In summary, we did not find significant groupwise differences in the sleep questionnaires’ total score and its subscores. Actigraphic parameters did not show significant differences between the groups. There were slight differences in the secretion profiles of melatonin and cortisol. The clearest difference between both groups according to the circadian parameters were found in the alterations of the expression profiles of two clock genes, BMAL1 and PER2. These alterations seem to be robust markers for ADHD in both children and adults. In relation to the recommendations for the study design and sample characteristics of Dáz-Román et al. (2016) [7], our setting combined subjective and objective tools to measure sleep and circadian rhythmicity. Both groups were controlled for medical and psychological problems. Through our extensive inclusion procedure, we only included properly diagnosed ADHD patients and can therefore guarantee the absence of false positives. As mentioned earlier, the study presented here is a pilot study. General conclusions about the population are not possible, or only to a very limited extent, because of the small sample size in our study. Subgroup analyses with a focus on hyper motor activity/impulsiveness, and especially aggressiveness/social behavior disorder, would be interesting [49,50], but are statistically not advised in our small cohort.

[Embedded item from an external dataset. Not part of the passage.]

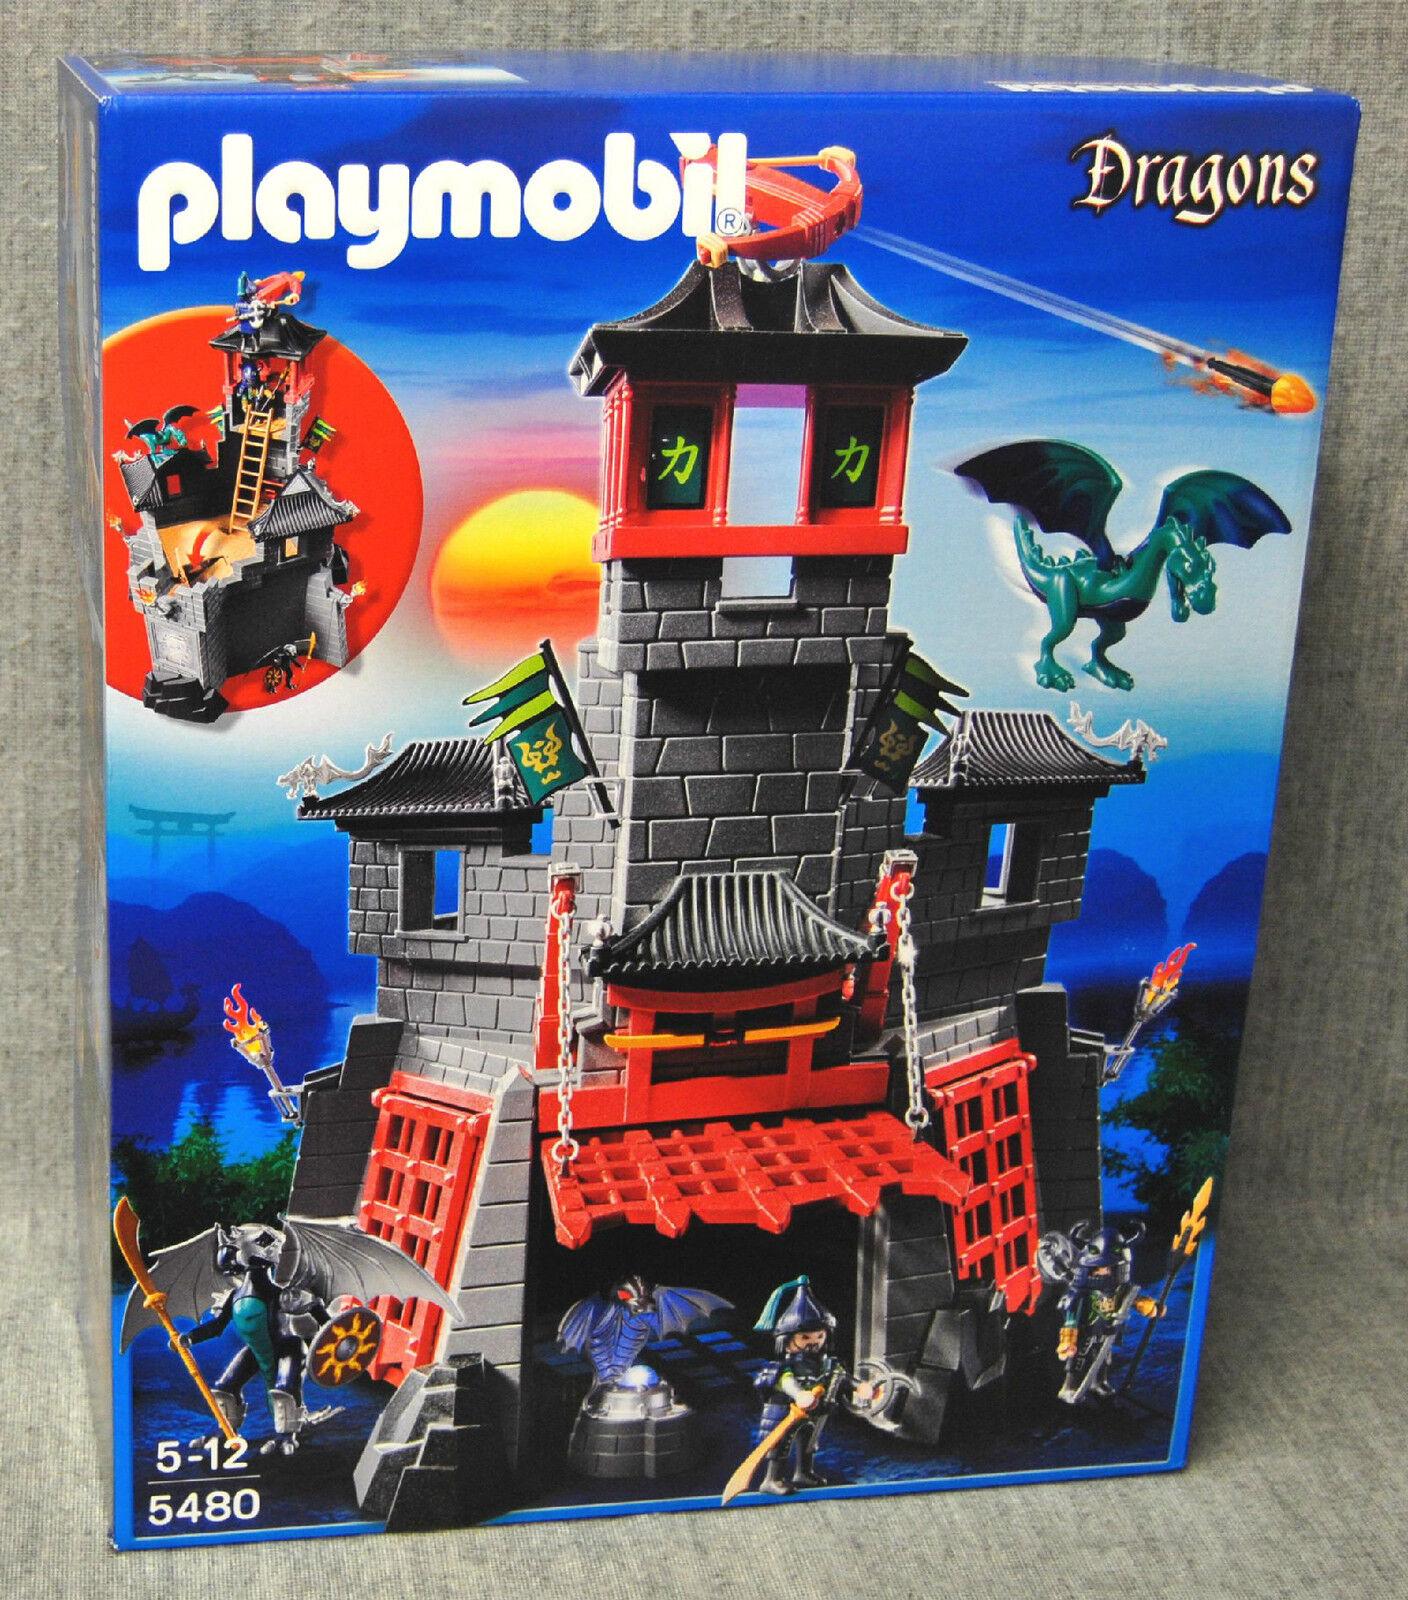 Playmobil 5480 Geheime Drachenfestung – Asia-Drachenland – Dragons Neu

In our study, we regarded the clock gene expression profiles to be sensitive markers to distinguish ADHD patients from the healthy controls. This was similar to the results of Baird et al. (2012) in adults [20]. Are clock gene profiles therefore a sufficient marker for ADHD for children and adults? There are study groups currently developing a procedure to measure the circadian profile of clock gene expression via one blood sample [51]. Can clock gene profiles become future markers in ADHD diagnostics using one blood draw? Publications from animal models to humans illustrate the impact of non-stimulant and stimulant medication on circadian rhythmicity [52,53,54,55]. One promising way of future research would therefore be to examine the impact of medication on the connection of genetic and clinical expression.